Когда русским говорят, что они не могут быть хорошими, я вспоминаю десятилетия равнодушия, когда у всех на глазах в московском метро задерживали для проверки документов только смуглых пассажиров, когда в «Коммерсанте» беспрепятственно писали «арестованы лица кавказской национальности», когда юмористы и телесериалы передразнивали «гэканье» по центральному телевидению и оно же обыгрывалось в анекдотах, когда анекдоты про чукч считались дико смешными, когда тупой юморист орал, опять же по телевизору, про американцев: «Ну тупые!» — когда клички разных народов звучали не только в трамвае, но и опять же во всяких русскоязычных юморесках и телесериалах, когда в знак протеста против депортации грузин на Пушкинскую вышло 500 человек в 15-миллионном городе (а сколько вышло в защиту украинской библиотеки, не припомню), когда о преследованиях крымских татар писали четыре малотиражных СМИ, при 150 просмотрах каждой публикации.

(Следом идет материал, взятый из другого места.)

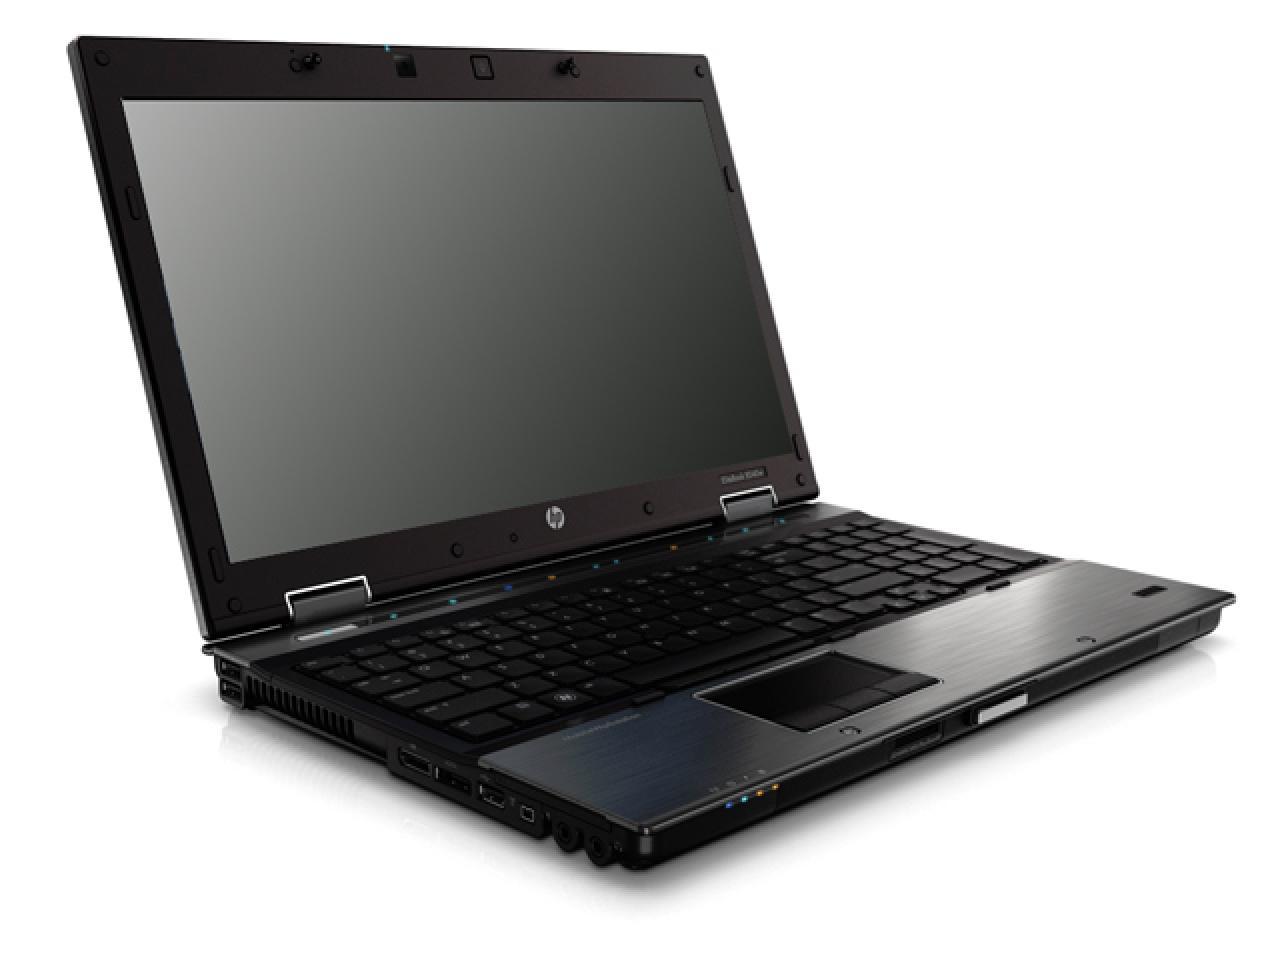 Hewlett Packard EliteBook 8540w  - shop.bb-net.de
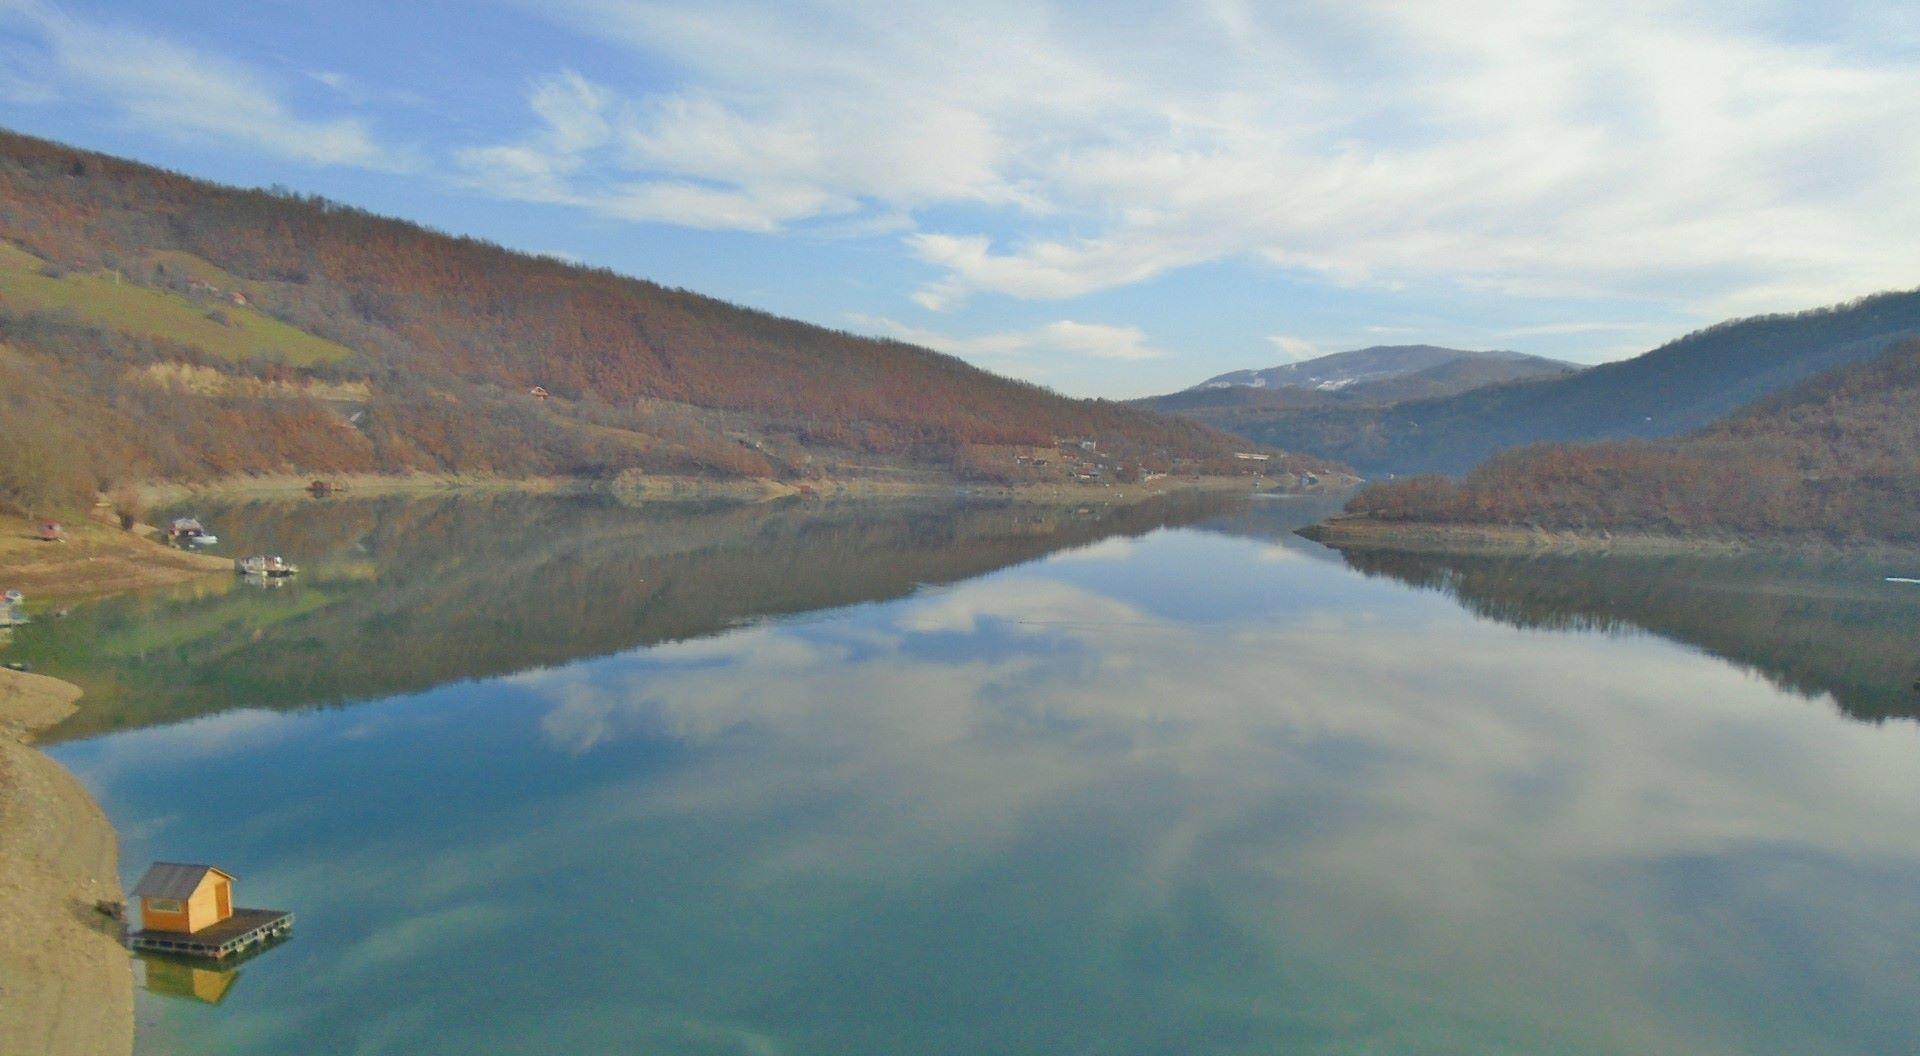 mladi-organizovanjem-tura-iz-centralne-srbije-promovisu-turizam-severnog-kosova

Всё это считалось вынужденно терпимым, второстепенным и не первой важности: «Ну я то интернационалист, это все знают», а что вокруг — «А что я могу поделать?».
Ничего хорошего в том, когда русским орут, что они не могут быть хорошими, нет, даже «по уважительной причине».
Но нет худа без добра, в этом есть и некая вынужденная оздоровительная терапия. Побыть на месте тех, чьи проблемы ты в упор не замечал много лет, поскольку ты-то лично их не обижал (вроде бы).